Но теперь все оставили его в покое, конец лета он провел без неприятностей, страха и сомнений из-за того, что выпустил дело из своих рук. Тишь спокойной жизни нарушило только одно событие, еще более укрепившее в нем убеждение, что ему действительно не следует спускать глаз со своего помощника.
Однажды утром, когда Речан, поспешая на бойню, свернул на Торговую улицу, из ворот мясной вышла женщина в плаще. Сначала она высунула на улицу голову, потом выскользнула из ворот, прикрыла их и быстро направилась к площади. Часовой перед зданием таможенной инспекции заметил ее (чье, скажите на милость, внимание не привлечет одинокая женщина на пустынной улице?) Наклон его головы выдавал, что или он не узнает, кто это, или же, напротив удивляется тому, что видит.
Речан тихо вошел в ворота, словно боясь, что на дворе застанет кого-то врасплох, но сенбернар сразу заметил его и помчался с веселым лаем ему навстречу. Когда уходила женщина, он не лаял: то ли потому, что сидел запертый в конюшне, то ли причислял ее к своим.
Волент стоял у забора бойни в одних трусах и немилосердно поливал себя из шланга холодной водой, словно тушил пожар. И оттого, что он так упорно стоял под струей ледяной воды, Речану подумалось, что сегодня он наверняка будет злым. Под ледяным душем на утреннем холоде может стоять лишь человек, который чему-то сопротивляется изо всех сил, и ему приходится для этого так напрягаться и превозмогать себя, что пощады от него не жди. На этом принципе построена военная муштра.
Волент сердито бросил шланг и побежал в зал выключить воду, потом помчался в кухню, пригласив мастера на кофе.
Пьянствовать Ланчарич не перестал. Напивался, как это бывает с людьми, которые слишком часто имеют дело с мясом, кровью, убийством, но удовольствия от этого совсем не получал. Алкоголь делал свое дело, вызывая более сильные реакции, чем это бывало раньше. Он с большим трудом овладевал собой, без причины хохотал, но чаще всего впадал в тоску. И не скрывал от мастера, что не может забыть, каким посмешищем он стал на суде. Это было для него большим унижением. Да к тому же и тюрьма… Но о подлинной причине своих терзаний — о том, что его вынудили играть жалкую роль перед судьей, которого он жестоко ревновал к женщине, которую любил, — Волент не признавался даже самому себе. Как ему не хватало Эвы, как он ждал ее возвращения! Уже через несколько недель после ее отъезда он ни в чем ее не винил. Этого Речан, конечно, не подозревал, потому что Волент ни разу не заговорил с ним о его жене.
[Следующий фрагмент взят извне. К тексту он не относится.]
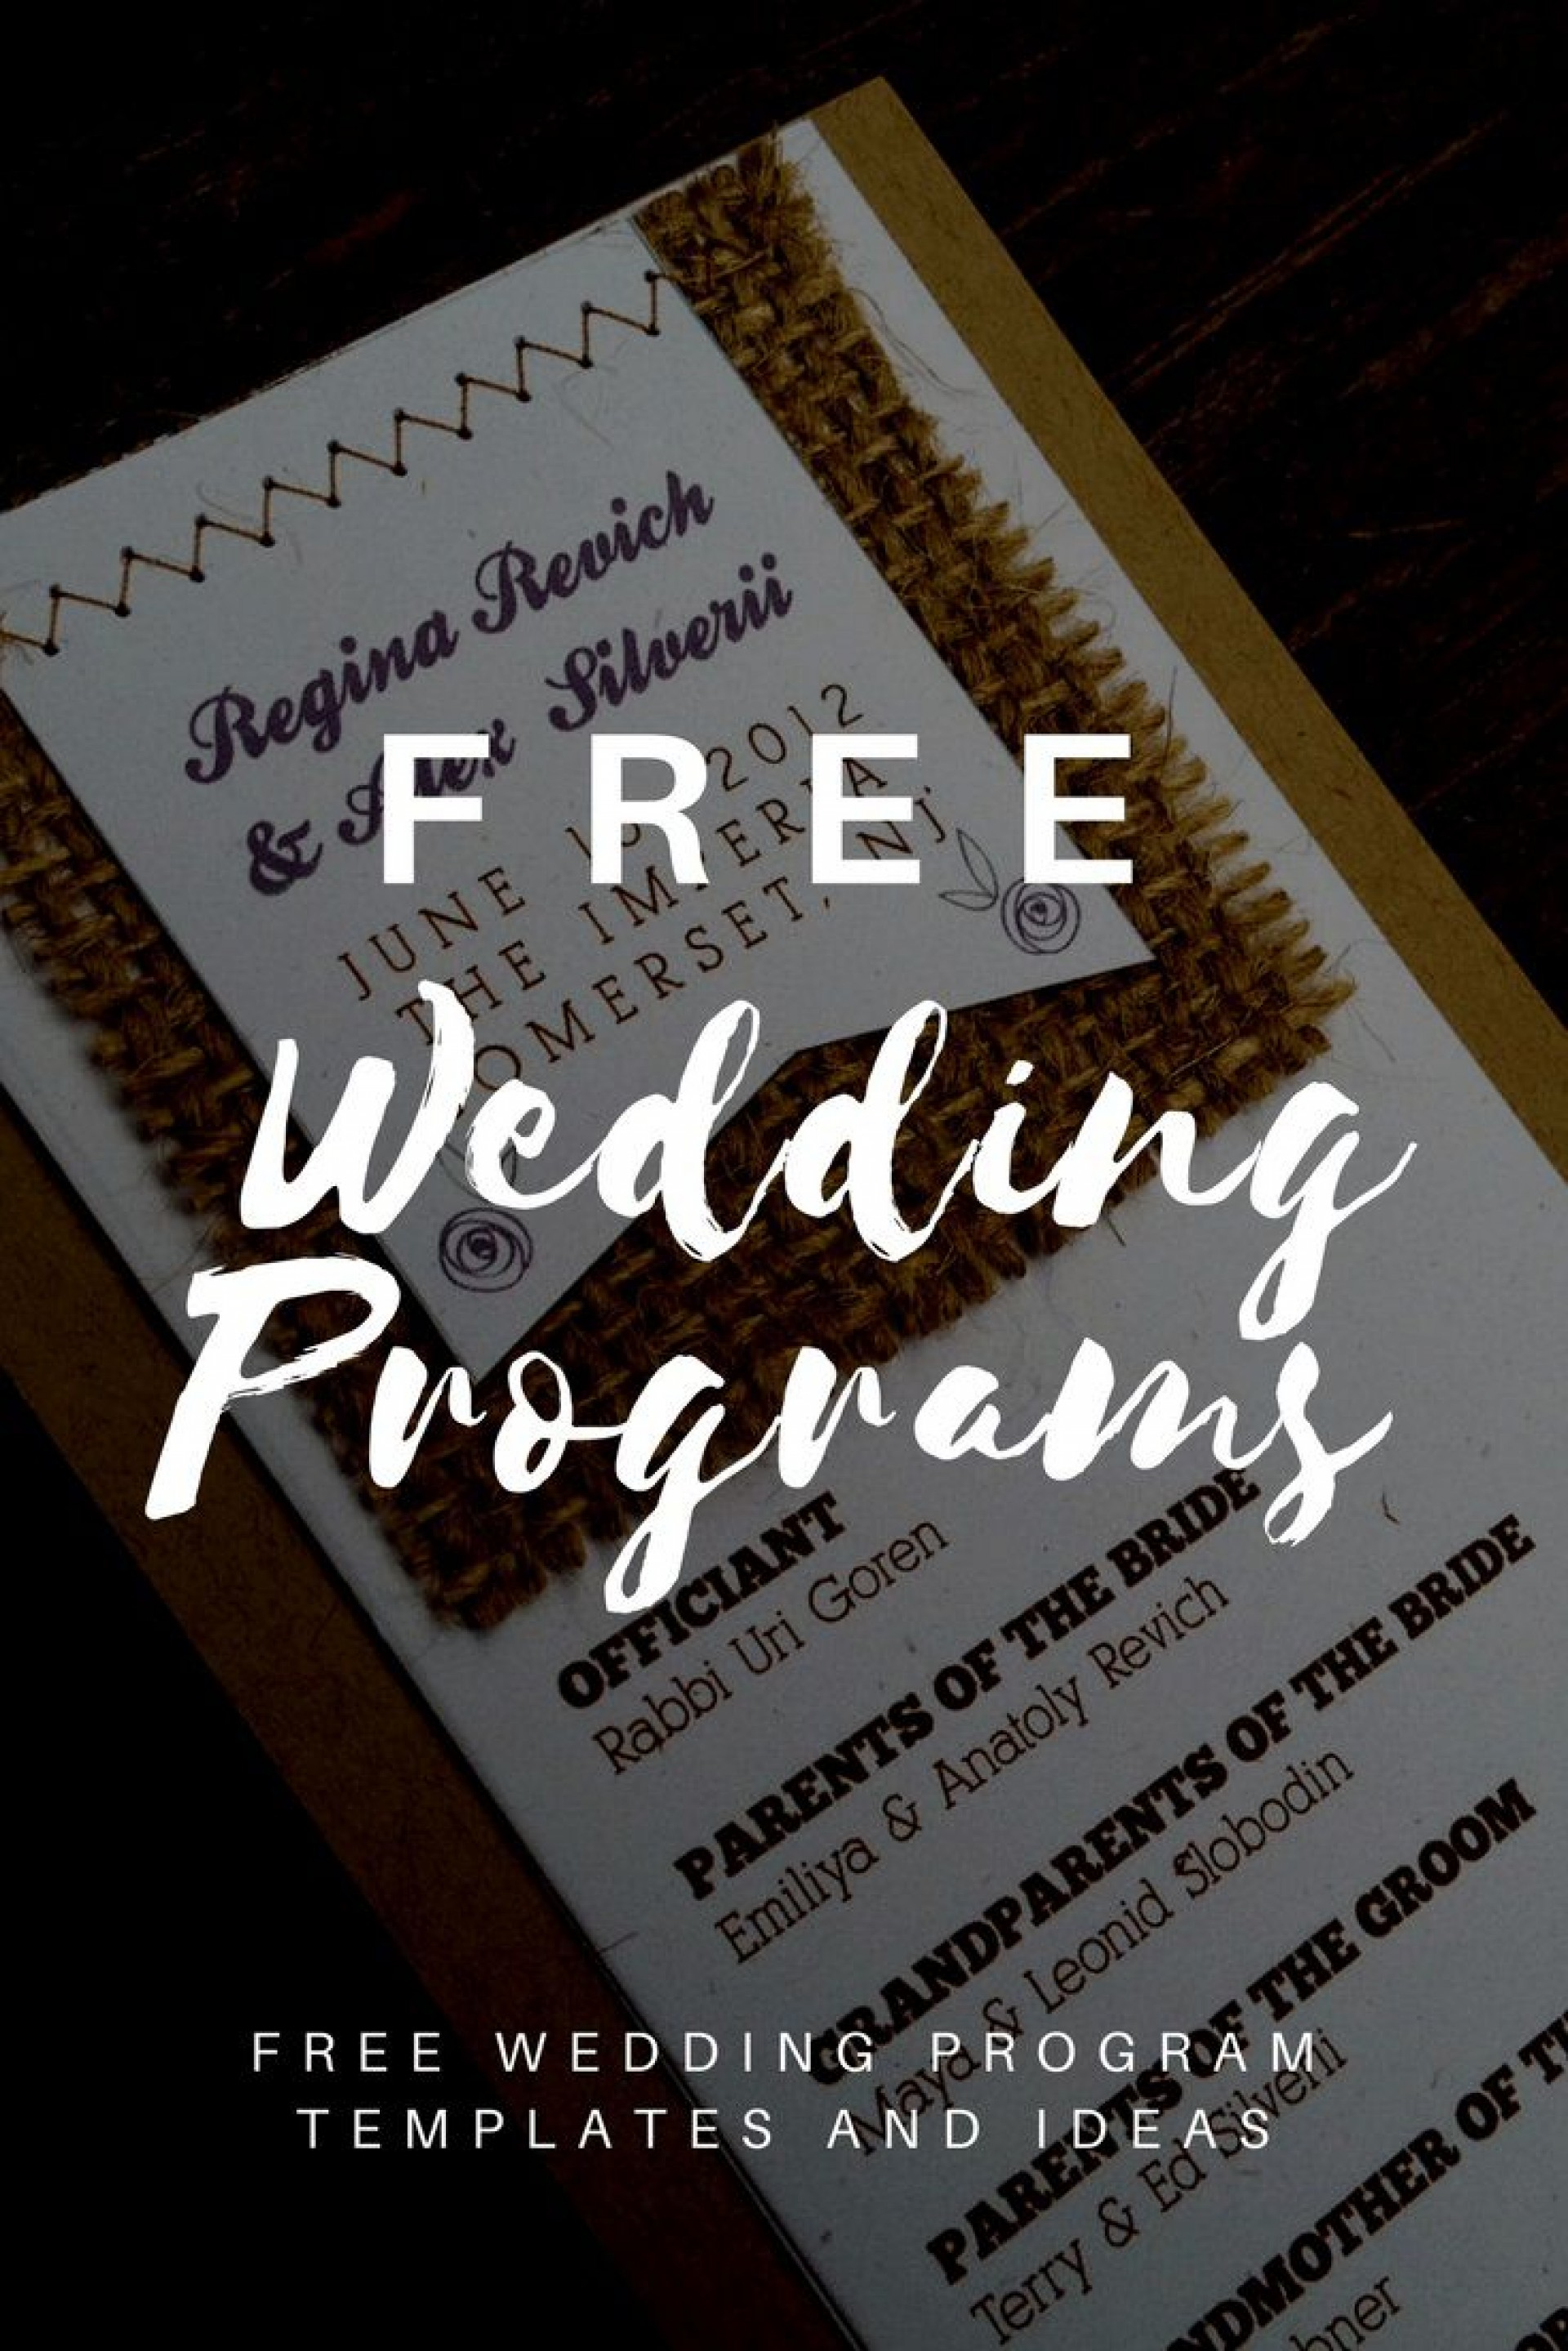 008 Outstanding Free Wedding Program Template High Resolution  Templates Pdf Download Fan Word1920

Воленту во что бы то ни стало нужно было взять реванш и восстановить свою репутацию в Паланке.
Речан выпил черный кофе, приласкал собаку и начал рассказывать, что вчера слышал по радио о процессе в Нюрнберге, где Трибунал народов готовился вынести приговор главарям Третьего рейха. Приказчик слушал молча, потягивая кофе из жестяной кружки, щурил глаза, красные от недосыпа и дыма, и только покорно, но безучастно кивал мастеру после каждого слова. От его былой самоуверенности не осталось следа.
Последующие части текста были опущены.